藉此,在軌道車輛100於軌道200a與200b上行駛的過程中,即使前車輪對120a的車輪122a、124a與後車輪對120b的車輪122b、124b因軌道200a、200b無法提供連續且阻力最小的滾動表面而傾向產生彈跳,車輪122a、122b、124a、124b也可藉由前述的磁力抵抗其受到軌道200a、200b影響而產生彈跳的趨勢,而緊密接觸軌道200a、200b。即使磁性單元130a與130b所提供的磁力未能使車輪122a、122b、124a、124b緊密接觸軌道200a、200b,亦具有降低車輪122a、122b、124a、124b產生彈跳的趨勢(例如是降低車輪122a、122b、124a、124b與軌道200a、 200b之間的彈跳距離)。如此,藉由磁性單元130a與130b的設計,可有效使車輪122a、122b、124a、124b與軌道200a與200b維持良好的接觸而降低脫軌率,進而能提高軌道車輛100的安全性。 Thereby, during the running of the rail vehicle 100 on the rails 200a and 200b, even if the wheels 122a, 124a of the front wheel pair 120a and the wheels 122b, 124b of the rear wheel pair 120b cannot provide continuous and minimal resistance due to the rails 200a, 200b The surface is rolled to tend to bounce, and the wheels 122a, 122b, 124a, 124b can also be bounced by the aforementioned magnetic force against the influence of the rails 200a, 200b, and closely contact the rails 200a, 200b.

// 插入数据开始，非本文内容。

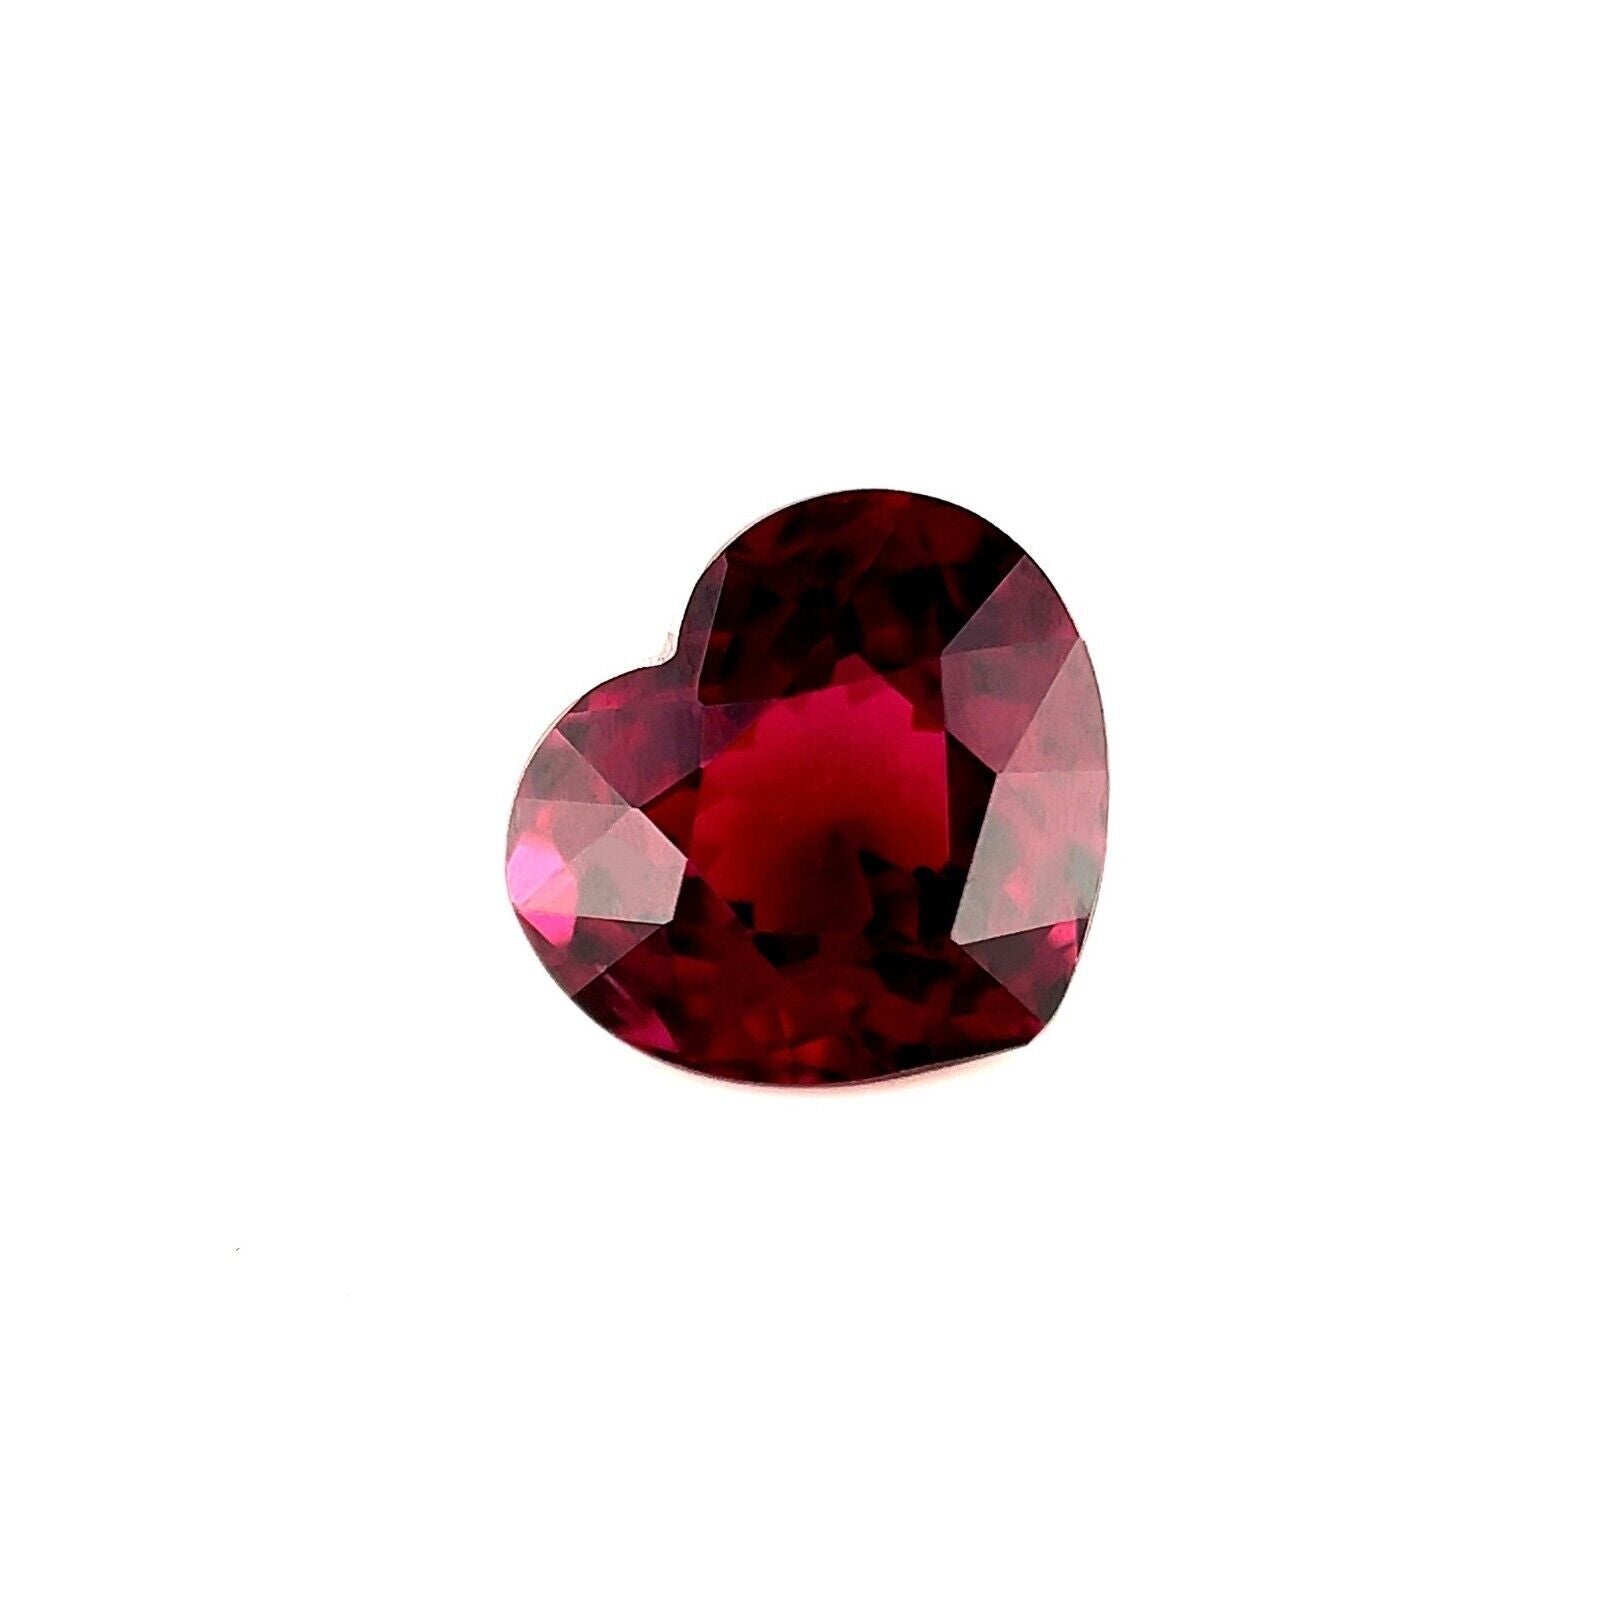 Fine pierre précieuse non sertie de 2,70 carats en rhodolite rose violacé taille cœur, 8,4 x 7,6 mm VS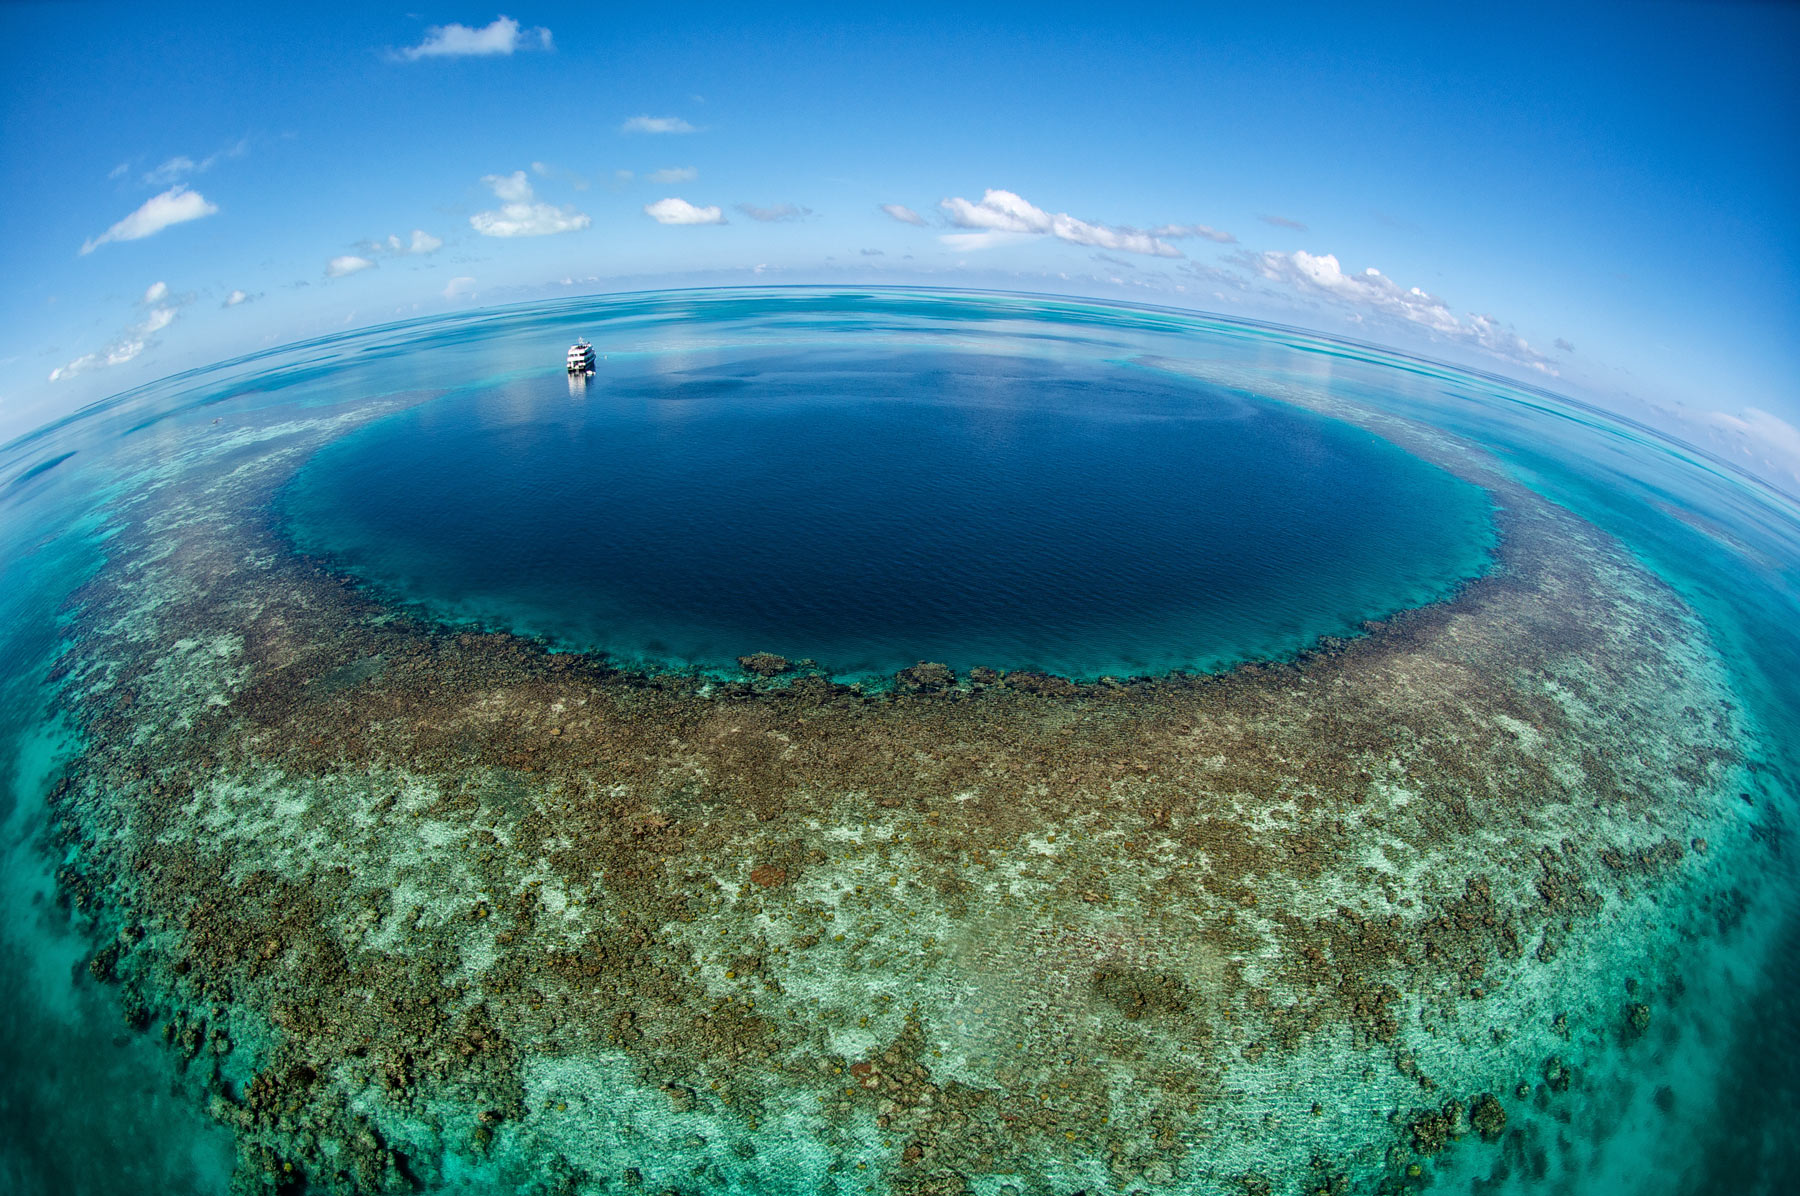 Сами больше море в мире. Большая голубая дыра Юкатан. Большая голубая дыра, Лайтхаус-риф. Голубая впадина Белиз. Большая голубая дыра Белиз Центральная Америка.

Even if the magnetic force provided by the magnetic units 130a and 130b fails to bring the wheels 122a, 122b, 124a, 124b into close contact with the rails 200a, 200b, there is a tendency to reduce the bouncing of the wheels 122a, 122b, 124a, 124b (for example, to lower the wheels 122a, 122b, 124a, 124b and track 200a, Bounce distance between 200b). As described above, the design of the magnetic units 130a and 130b can effectively maintain the wheels 122a, 122b, 124a, and 124b in good contact with the rails 200a and 200b, thereby reducing the derailment rate, thereby improving the safety of the rail vehicle 100.

再者,本實施例的軌道車輛100所採用的磁性單元130a、130b除了可在軌道車輛110行駛的過程中降低車輪122a、122b、124a、124b的彈跳現象而降低脫軌率之外,其亦可在軌道車輛110行駛的過程中提供煞車功能而減緩軌道車輛110的行駛速度。舉例而言,在軌道車輛110行駛的過程中,當軌道車輛100行經軌道200a、200b的下坡路段或者行經軌道200a、200b表面潮濕的路段時,軌道車輛110可藉由原本裝載的煞車裝置作為煞車來減緩軌道車輛110的行駛速度,亦可藉由前述的控制單元140依據地勢、天候、人為因素或使用情況控制磁性單元130a、130b對前車輪對120a與後車輪對120b施加磁力,以減緩軌道車輛110行駛速度。藉此,相較於習知的煞車裝置係直接接觸軌道200a、200b而提供摩擦力作為煞車,本實施例的磁性單元130a、130b不接觸軌道200a、200b,而是施加磁力至車輪122a、122b、124a、124b,來提高車輪122a、122b、124a、124b與軌道200a、200b的結合性。如此,本實施例藉由磁性單元130a、130b提供煞車功能的作法可有效避免磁性單元130a、130b與軌道200a、200b接觸而產生損毀。 Furthermore, the magnetic units 130a, 130b employed in the rail vehicle 100 of the present embodiment can reduce the bouncing phenomenon of the wheels 122a, 122b, 124a, 124b and reduce the derailment rate during the running of the rail vehicle 110, and The braking function is provided during the running of the rail vehicle 110 to slow down the traveling speed of the rail vehicle 110. For example, during the running of the rail vehicle 110, when the rail vehicle 100 travels through the downhill section of the rails 200a, 200b or the section of the track that is wet on the surface of the rails 200a, 200b, the rail vehicle 110 can be used as a brake by the originally loaded braking device. To slow down the traveling speed of the rail vehicle 110, the magnetic unit 130a, 130b can be used to control the magnetic force of the front wheel pair 120a and the rear wheel pair 120b according to the terrain, weather, human factors or usage conditions to slow down the track. Vehicle 110 travel speed. Thereby, the magnetic unit 130a, 130b of the present embodiment does not contact the rails 200a, 200b, but applies magnetic force to the wheels 122a, 122b, as compared with the conventional brake device directly contacting the rails 200a, 200b to provide friction as a brake. 124a, 124b, to improve the bonding of the wheels 122a, 122b, 124a, 124b to the rails 200a, 200b. As such, the present embodiment can effectively prevent the magnetic units 130a, 130b from contacting the tracks 200a, 200b and causing damage by the magnetic unit 130a, 130b providing the braking function.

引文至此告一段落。